Let $D$ denote a clockwise quarter turn on the downward face and $R$ denote a quarter turn on the rightmost face clockwise (We have the 6 faces: front (facing us), back, down, up, left, right.) Let $\mathbb{G}$ be the group formed by all possible moves on the Rubik's cube. Let $H$ be the subgroup of $\mathbb{G}$ generated by $D^2$, $R^2$. (Here, $D^2$ is taken as the composition of two $D$ moves.) Find the number of elements of $H$.

I have listed out $D^2$, $R^2$ in disjoint cycle notation but I am stuck.

Would appreciate if anyone could help, thanks.

Answer 1

$H$ is generated by $d=D^2$ and $r=R^2$. We have that $d^2=r^2=e$ is the identity, so each element of $H$ may be written on one of four forms: $$ drdr\cdots dr\\ rdrd\cdots rd\\ drdr\cdots rd\\ rdrd\cdots dr $$ ($d$ itself is of the third form, and $r$ of the fourth.)

At some point, repeating $rd$ takes you back to the identity. This puts a limit to how long these chains can be.

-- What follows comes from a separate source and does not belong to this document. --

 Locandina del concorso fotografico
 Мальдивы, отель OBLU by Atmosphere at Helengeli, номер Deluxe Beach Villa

Finally, note that some of the chains described above, even below the "identity length", are equal. For instance, the chain $drdr\cdots rd$ that is only one $r$ short of being the identity, is actually equal to the chain $r$ (by virtue of $r=r^{-1}$).

Taking all this into account, you will have found $|H|$.

Answer 2

I solved this using GAP (tag added):

gap> d := (1,3)(2,4);; r := (1,5)(2,6);;
gap> H := Group(d,r);;
gap> StructureDescription(H);
"S3"

So H is the symmetric group on three elements. How are these permutations obtained?

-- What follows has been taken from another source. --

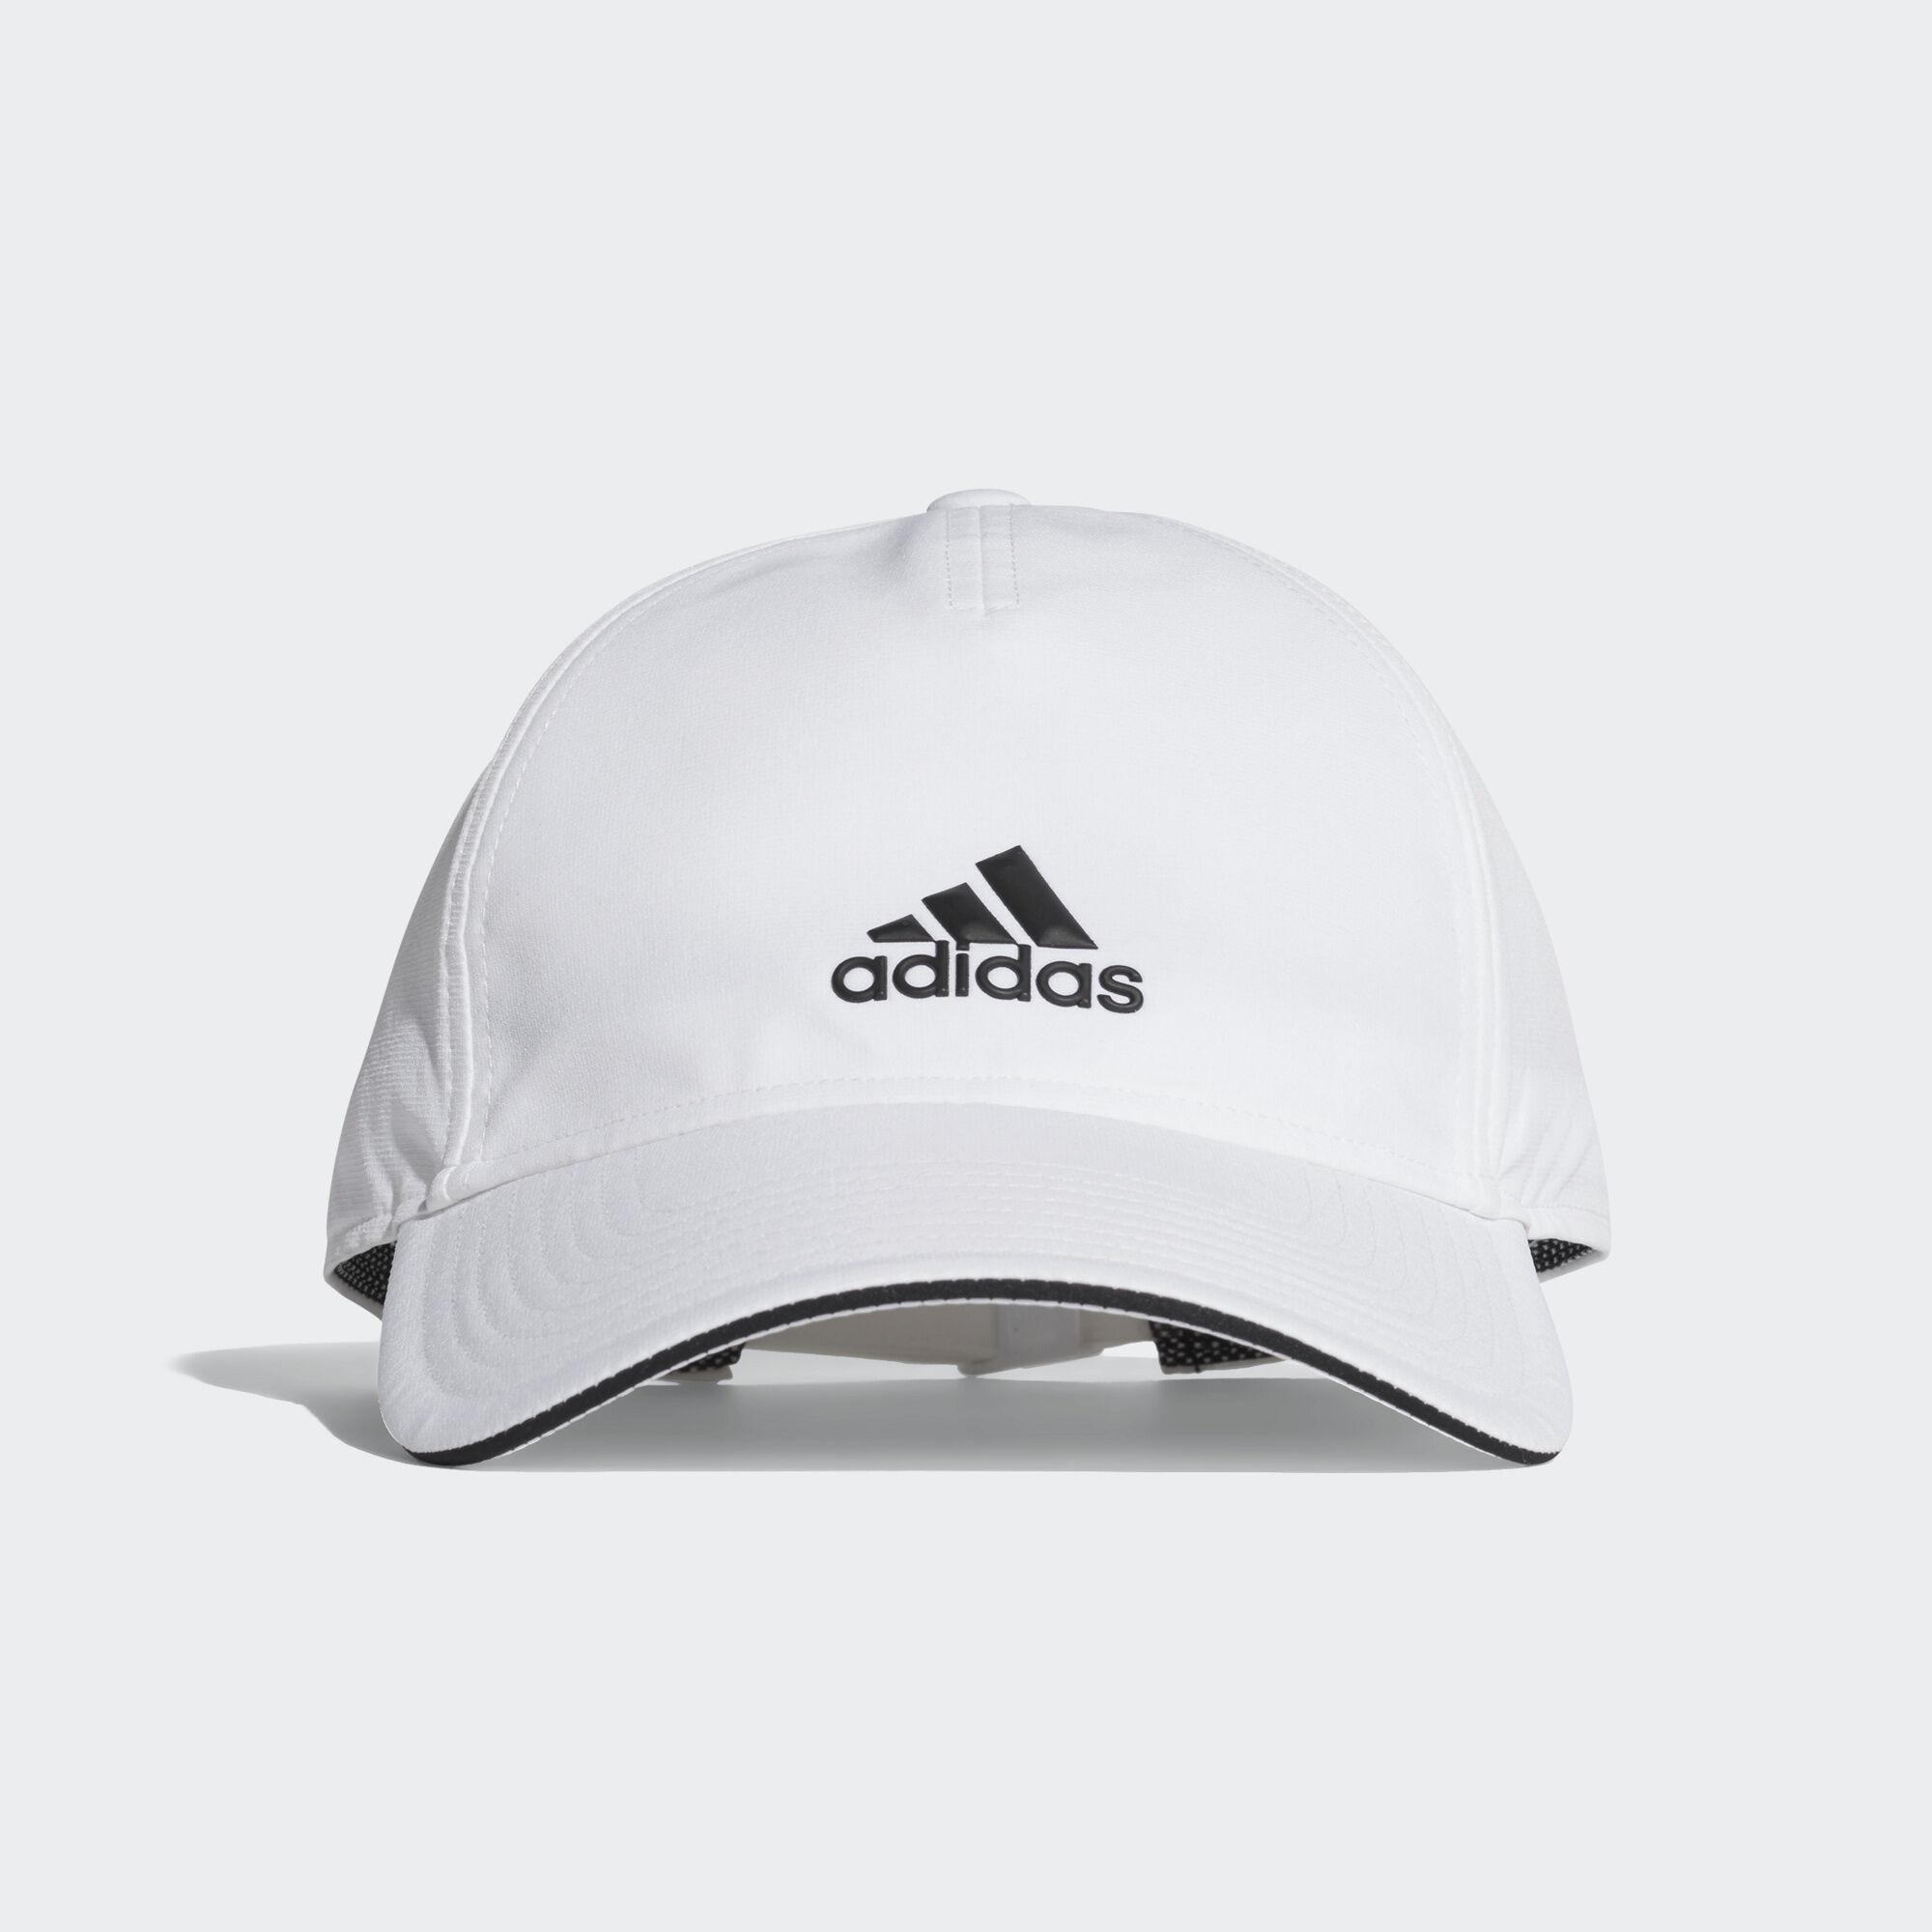 adidas - C40 Climalite Cap White Black Black CG1780 eb323d9d9e9

gap> epi := EpimorphismFromFreeGroup(H);
[ x1, x2 ] -> [ (1,3)(2,4), (1,5)(2,6) ]
gap> List(H, h->[h,PreImagesRepresentative(epi,h)]);
[ [ (), <identity ...> ], [ (3,5)(4,6), x1^-1*x2^-1*x1^-1 ],
[ (1,3,5)(2,4,6), x1^-1*x2^-1*x1^-2 ], [ (1,3)(2,4), x1^-1 ],    
[ (1,5,3)(2,6,4), (x1^-1*x2^-1)^2 ], [ (1,5)(2,6), x2^-1 ] ]

Can I express this group using a finite presentation?

gap> iso := IsomorphismFpGroup(H);
[ (3,5)(4,6), (1,5,3)(2,6,4) ] -> [ F1, F2 ]
gap> pr := PresentationFpGroup(Image(iso));
<presentation with 2 gens and 3 rels of total length 10>
gap> TzPrintRelators(pr);
#I  1. F1^2
#I  2. F1^-1*F2*F1*F2^-2
#I  3. F2^3
gap> TzGoGo(pr);
#I  there are 2 generators and 3 relators of total length 9
gap> TzPrintRelators(pr);
#I  1. F1^2
#I  2. F2^3
#I  3. (F1*F2)^2